Offline vs. cloud legal AI: which is safe for client confidentiality?
Every legal-AI tool makes the same promise — save time on documents — but they split into two very different camps on the question that actually matters for a lawyer: where does your client's data go?
How cloud AI handles your data
When you paste a document into a cloud AI tool or upload it to a web app, it travels to the provider's servers. There, three things can happen depending on the terms of service: the data may be retained for some period, it may be accessible to the provider's staff or subprocessors, and it may be used to train future models. Reputable legal-AI vendors offer protections — zero-retention agreements, no-training commitments, business associate agreements — but the burden is on you to confirm them, and to keep confirming as terms change.
How on-device AI handles your data
On-device AI runs the model on your own hardware.

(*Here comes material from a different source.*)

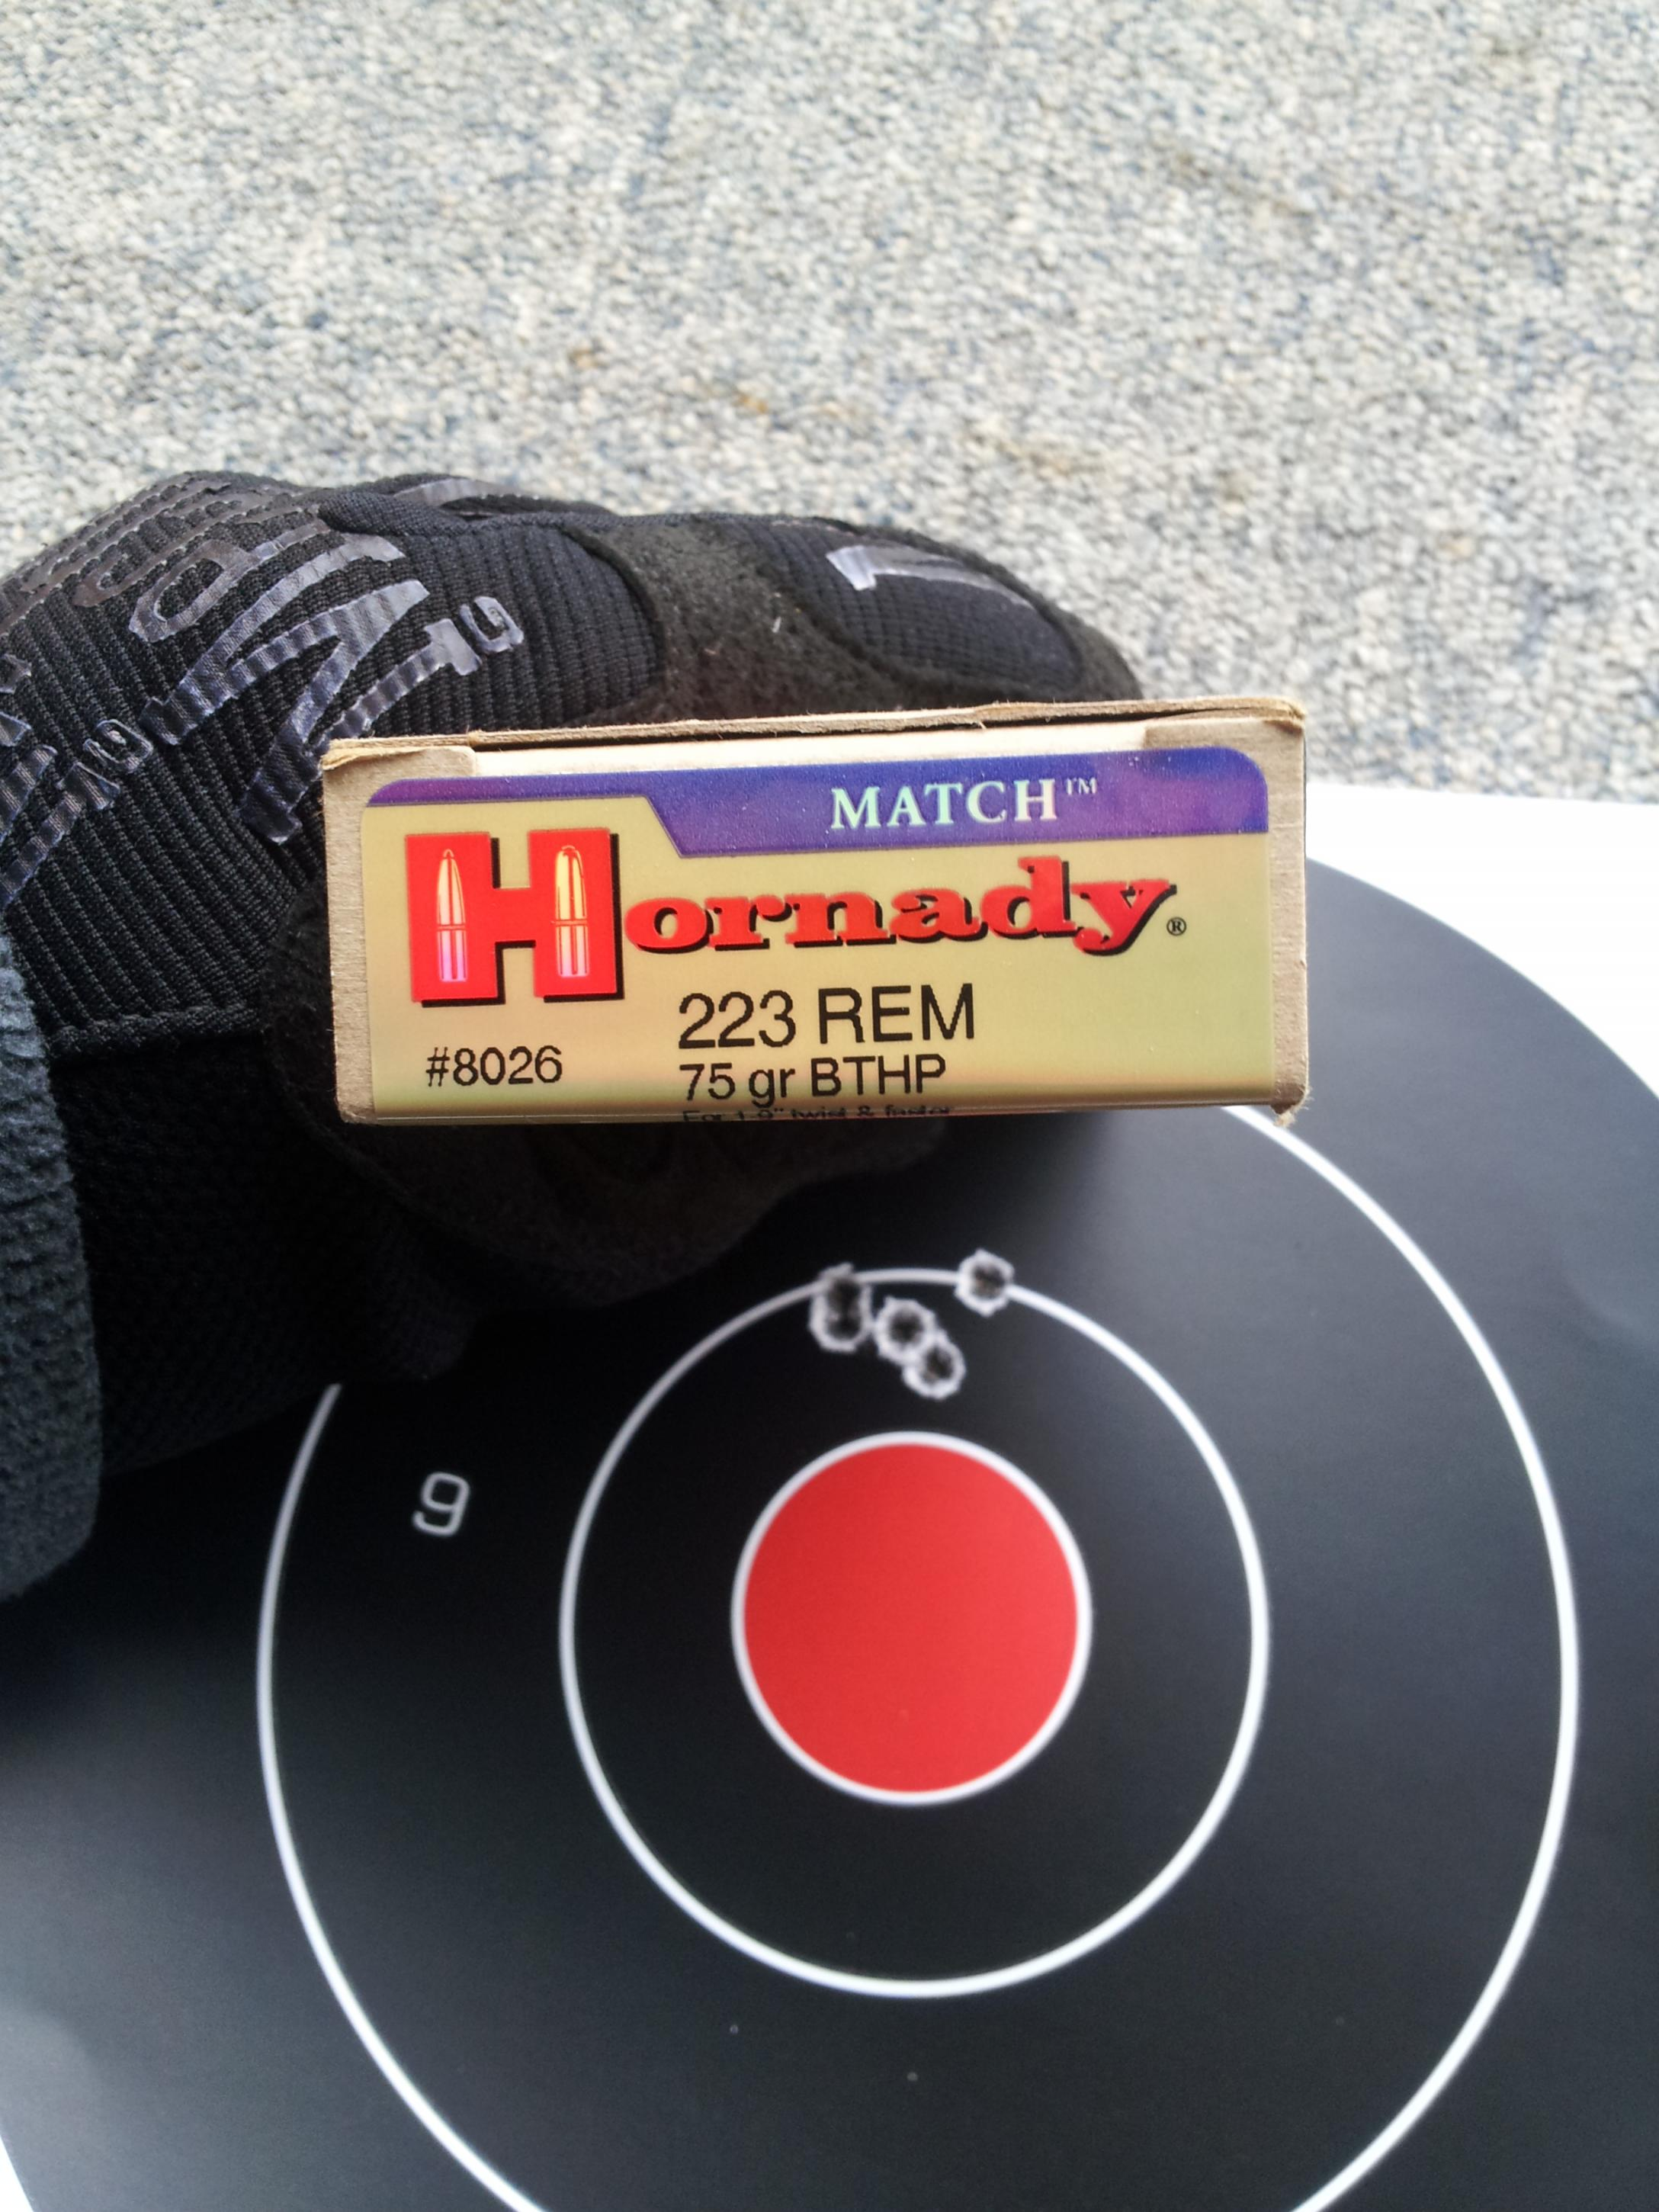 Troy Defense 5.56 Carbine-20121112_143836.jpg

The document is read, summarized, and analyzed locally; nothing is transmitted. There is no vendor server holding the file, no terms of service to monitor, no subprocessor list to vet. If your laptop is offline, it still works. The confidentiality question — "could this data be disclosed to someone outside the representation?" — answers itself: no, because it never left your machine.
A framework for evaluating any AI tool
Whatever a tool is called, ask these five questions in order:
- Does my client's document leave my computer? If no, you've eliminated the biggest risk and can stop worrying about the next four. If yes, keep going.
- Is the data retained, and for how long? Look for zero or short retention.
- Is it used to train models? You want a clear "no."
- Who can access it? Employees, subprocessors, law enforcement on request?
- Is there a contract that binds them? A BAA or enterprise data-protection agreement, not just a marketing claim.
Notice that on-device tools let you stop at question one. That simplicity is the point — it's far easier to defend "the data never left my laptop" than to monitor a vendor's evolving data practices.
The honest trade-off
Cloud AI isn't evil, and on-device AI isn't magic. Cloud models can be larger and faster, which helps for open-ended legal research and long-form drafting. On-device models are smaller but increasingly capable, and they're more than enough for the document work most solos need: organizing files, summarizing documents, building chronologies, and extracting deadlines.
A sensible split for a solo practice: use on-device tools for anything touching confidential client files, and reserve cloud tools for non-confidential, general tasks. That's the design philosophy behind ClerkSafe — the confidential, document-heavy first pass on a matter happens entirely on your machine, so confidentiality is never a judgment call.
ClerkSafe keeps it all on your computer.
Organize, summarize, and docket a new matter in minutes — with nothing uploaded. First 3 matters free, then a one-time $249.
Get early access →Frequently asked questions
Is cloud legal AI safe to use?
Cloud legal AI can be used responsibly, but it requires diligence: read the terms, confirm data isn't retained or used for training, check for a BAA or zero-retention agreement, and often obtain client consent. The risk is that your client's documents sit on a third party's servers.
What does on-device or offline AI mean?
On-device (offline) AI runs the AI model on your own computer. Your documents are processed locally and never uploaded. There is no vendor server holding your client data, which removes the main confidentiality risk.
Which is better for a solo attorney?
For confidentiality, on-device AI is simpler and safer because there's no third party to vet or trust. Cloud AI can offer more horsepower for research and drafting. Many solos use on-device tools for confidential document work and reserve cloud tools for non-confidential tasks.